Previous Topic Next Topic
 
classic Classic list List threaded Threaded
12 messages Options
Reply | Threaded
Open this post in threaded view
|

Vector troubles

Chuck Rose III

Hola LLVMers,

 

I’m working on engaging SSE via the LLVM vector ops on x86.  I had some questions a while back that you all helped out on, but I’m seeing similar issues and was hoping you’d have some ideas.  Below is the dump of the LLVM IR of a program which is designed to take a vector stored in a float*, build an LLVM vector from it, copy it to another vector, and then take it apart and store it back out in another float*.  This will live on the boundary of our system and would be a function designed to promote a raw, potentially unaligned, value into a vector that the LLVM system can work with a whole bunch. 

 

It is dying trying to store a our working vector into one of the LLVM vectors created on the stack.  Despite the align-16 directive on the alloca instruction, it is not always aligning to a 16-byte boundary. 

 

I did a sync and build this morning, so my LLVM is quite fresh.

 

Thank you for any help!

 

Chuck.

 

My program:

 

   target datalayout = "E-p:32:32:32-i1:8:8:8-i8:8:8:8-i32:32:32:32-f32:32:32:32"

 

   define void @promoteCopyAndReturn(float* %promoteReturn, float* %toPromote) {

   Entry:

        %Promoted_promoteReturn_Ptr = alloca <4 x float>, align 16              ; <<4 x float>*> [#uses=2]

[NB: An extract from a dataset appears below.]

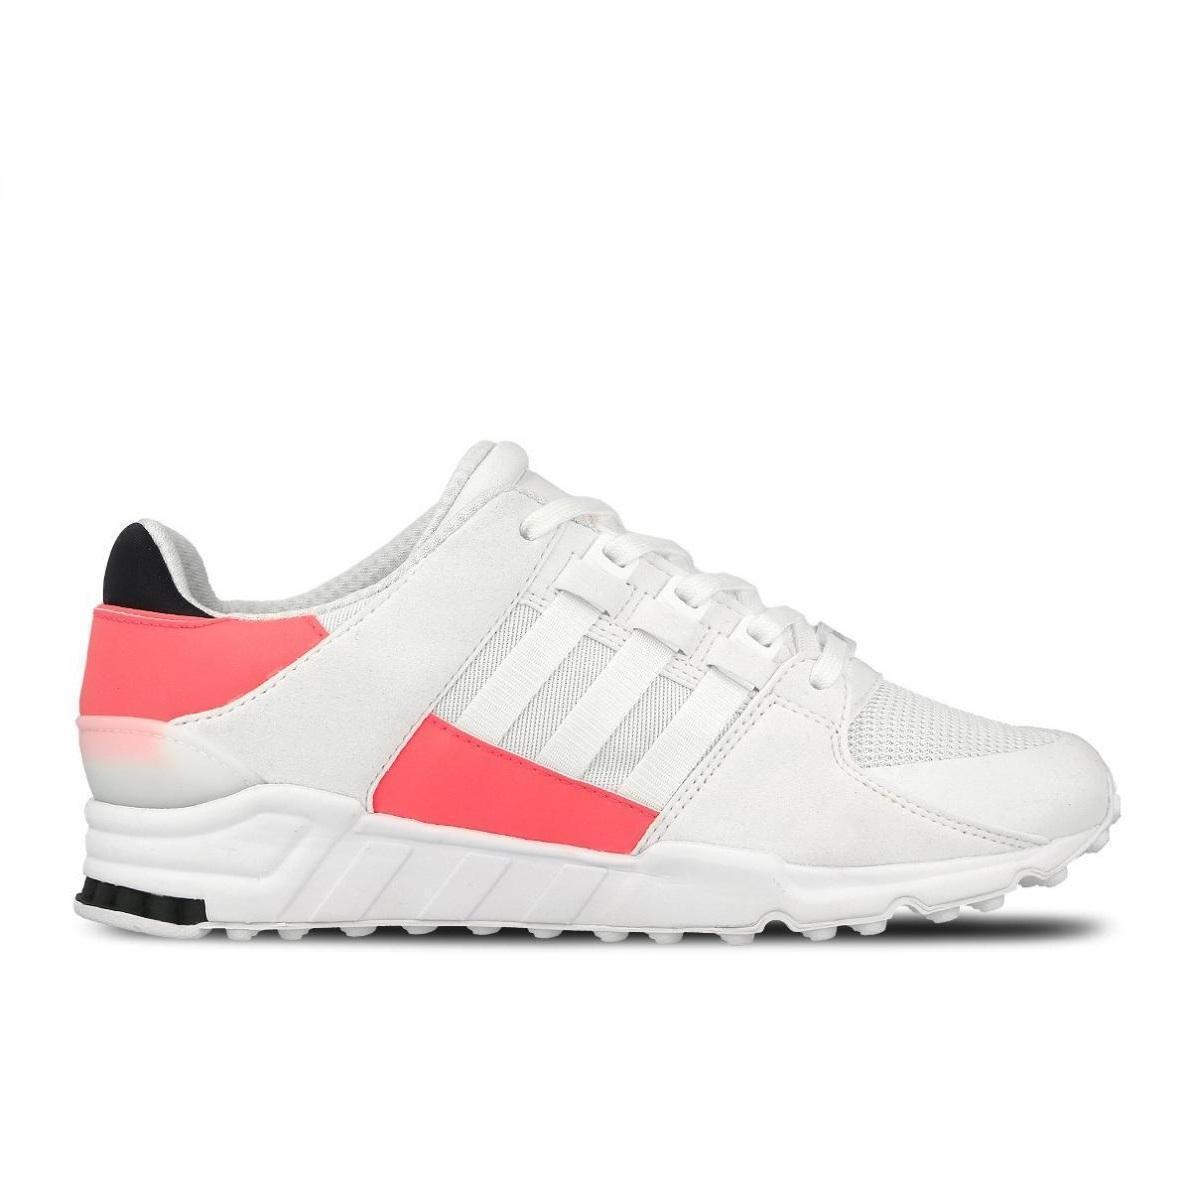 Uomo adidas eqt sostegno rf scarpe da ginnastica bianche ba7716 | Ad un prezzo accessibile  | Scolaro/Ragazze Scarpa

        %Promoted_toPromote_Ptr = alloca <4 x float>, align 16          ; <<4 x float>*> [#uses=2]

        %elemPtr = getelementptr float* %toPromote, i32 0               ; <float*> [#uses=1]

        %elemLoaded = load float* %elemPtr              ; <float> [#uses=1]

        %vectorPromotion = insertelement <4 x float> undef, float %elemLoaded, i32 0            ; <<4 x float>> [#uses=1]

        %elemPtr1 = getelementptr float* %toPromote, i32 1              ; <float*> [#uses=1]

        %elemLoaded2 = load float* %elemPtr1            ; <float> [#uses=1]

        %vectorPromotion3 = insertelement <4 x float> %vectorPromotion, float %elemLoaded2, i32 1               ; <<4 x float>> [#uses=1]

        %elemPtr4 = getelementptr float* %toPromote, i32 2              ; <float*> [#uses=1]

        %elemLoaded5 = load float* %elemPtr4            ; <float> [#uses=1]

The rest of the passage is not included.